==== SUPPLIED INFORMATION

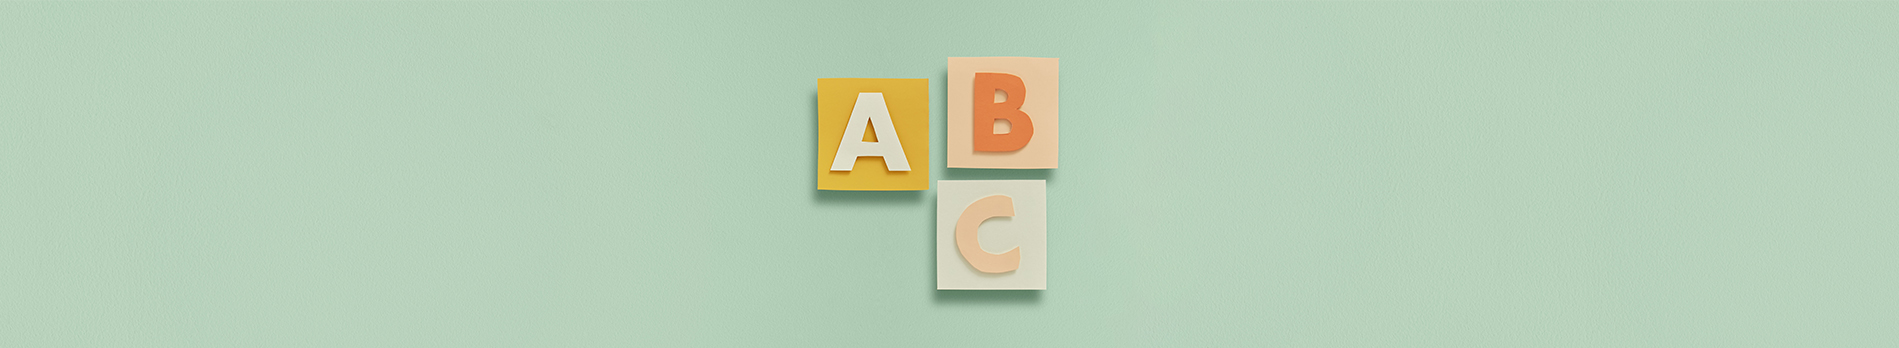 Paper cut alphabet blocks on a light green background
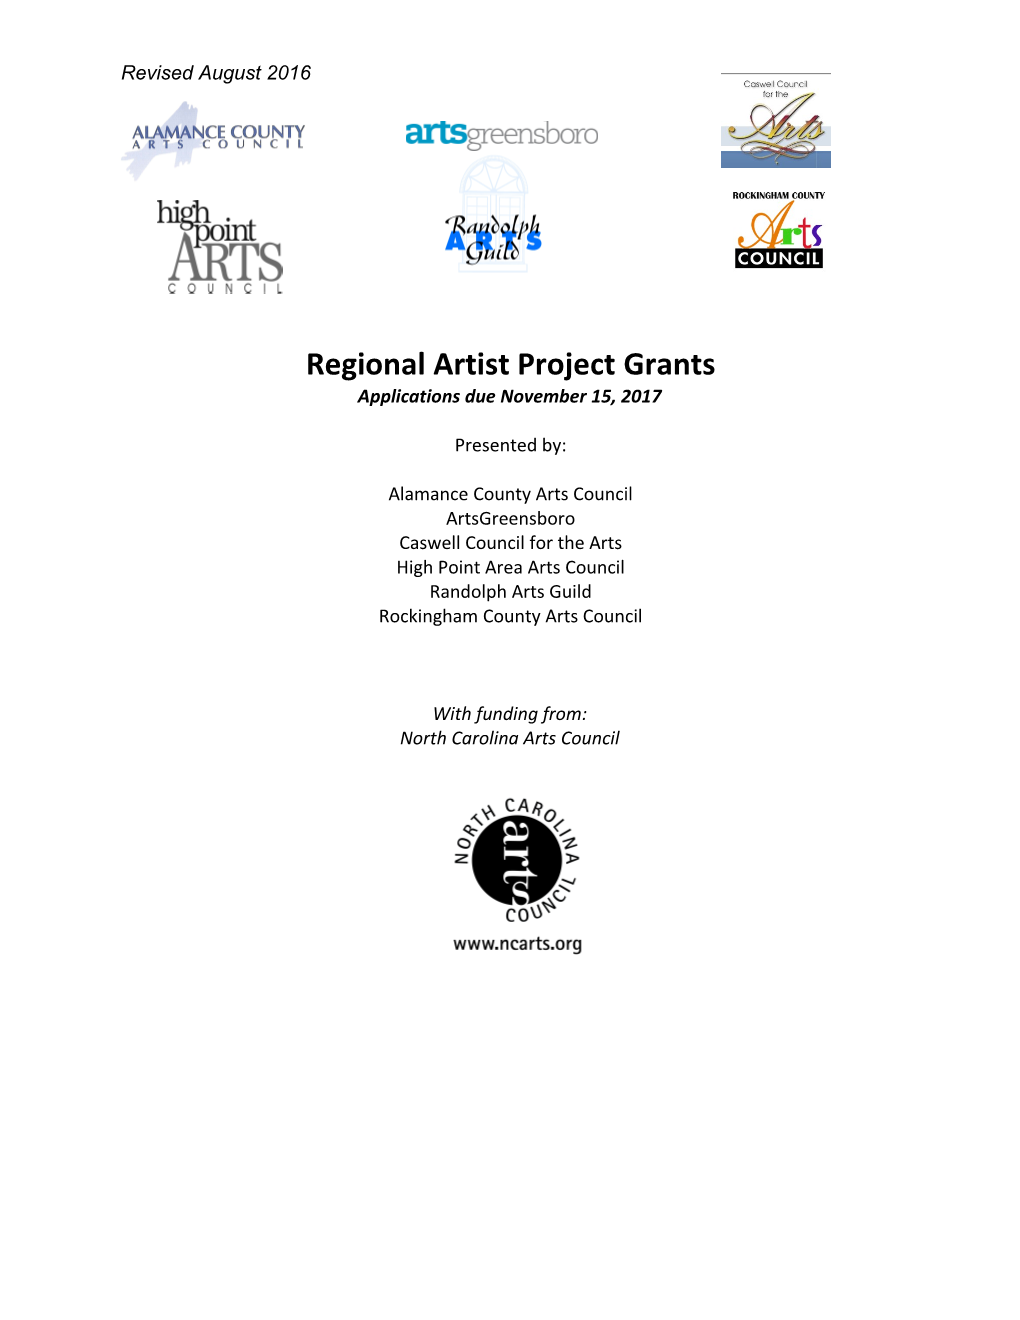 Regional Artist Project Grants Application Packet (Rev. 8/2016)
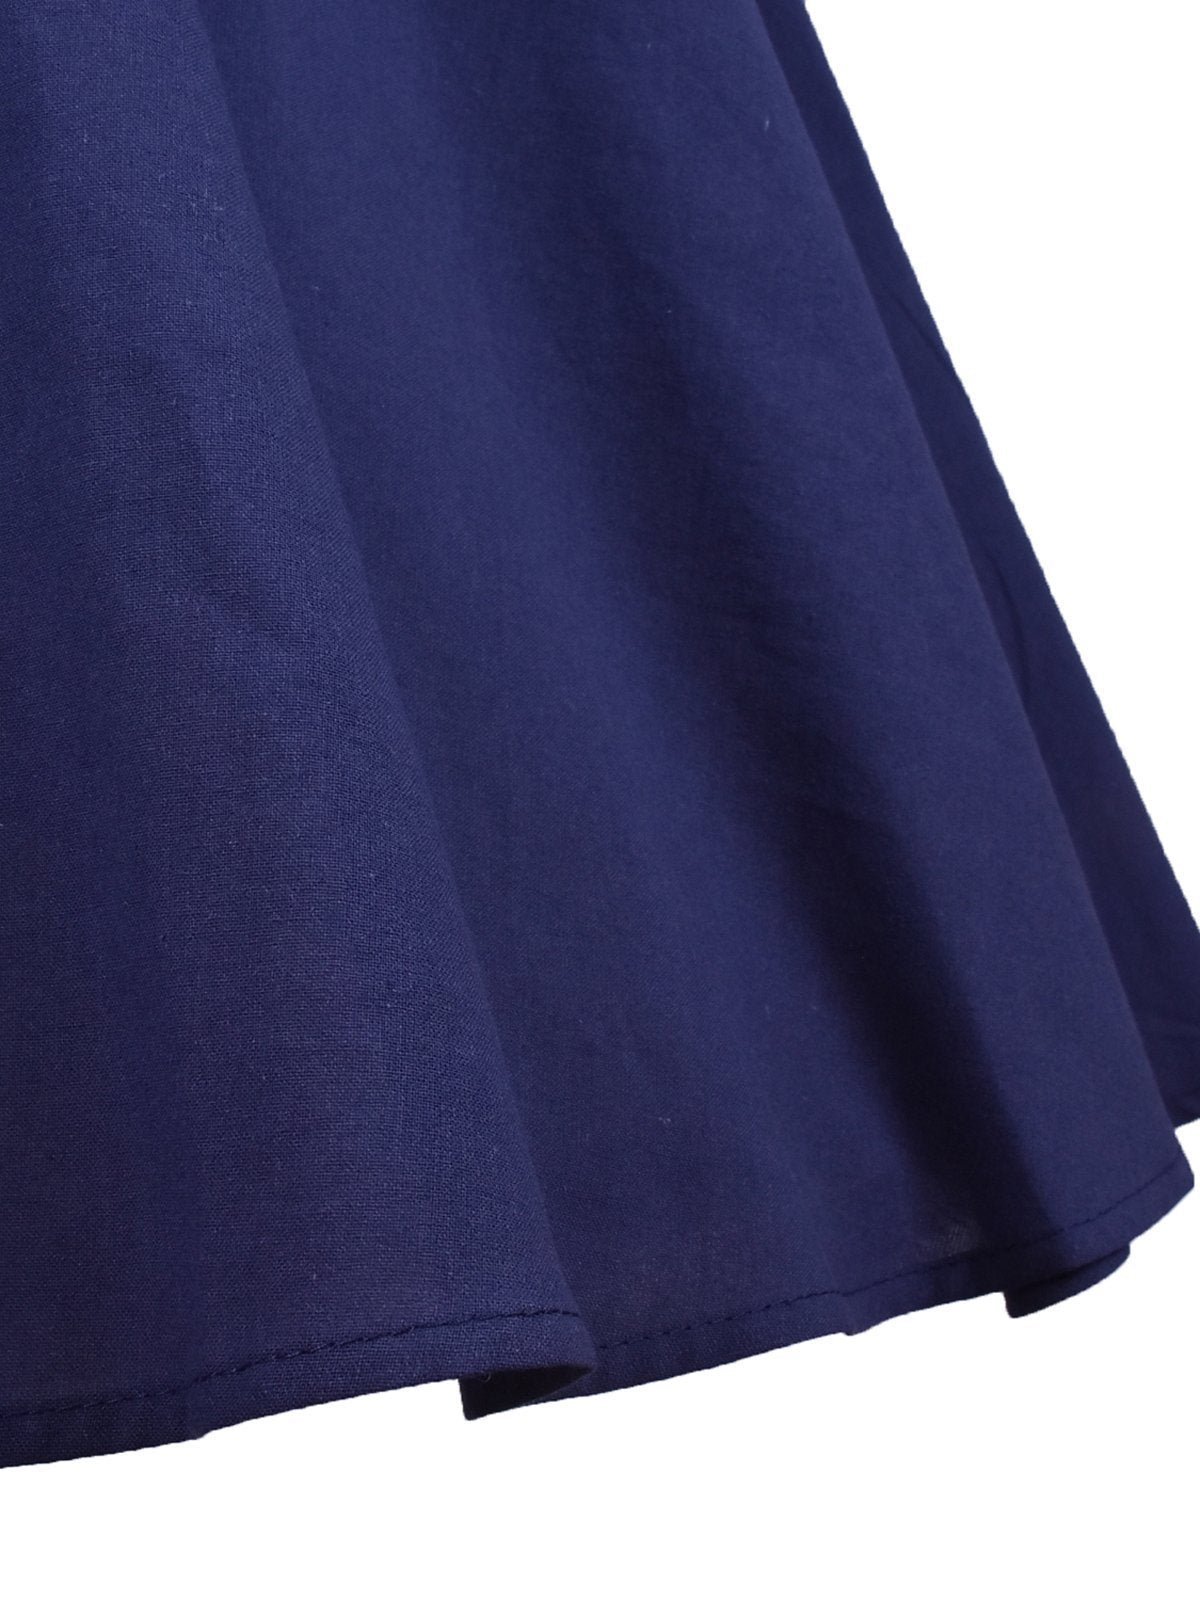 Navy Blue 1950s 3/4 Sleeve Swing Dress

========

Restate each line of the material word for word, skipping any picture.

 Paper cut alphabet blocks on a light green background
 Regional Artist Project Grants Application Packet (Rev. 8/2016)
 Navy Blue 1950s 3/4 Sleeve Swing Dress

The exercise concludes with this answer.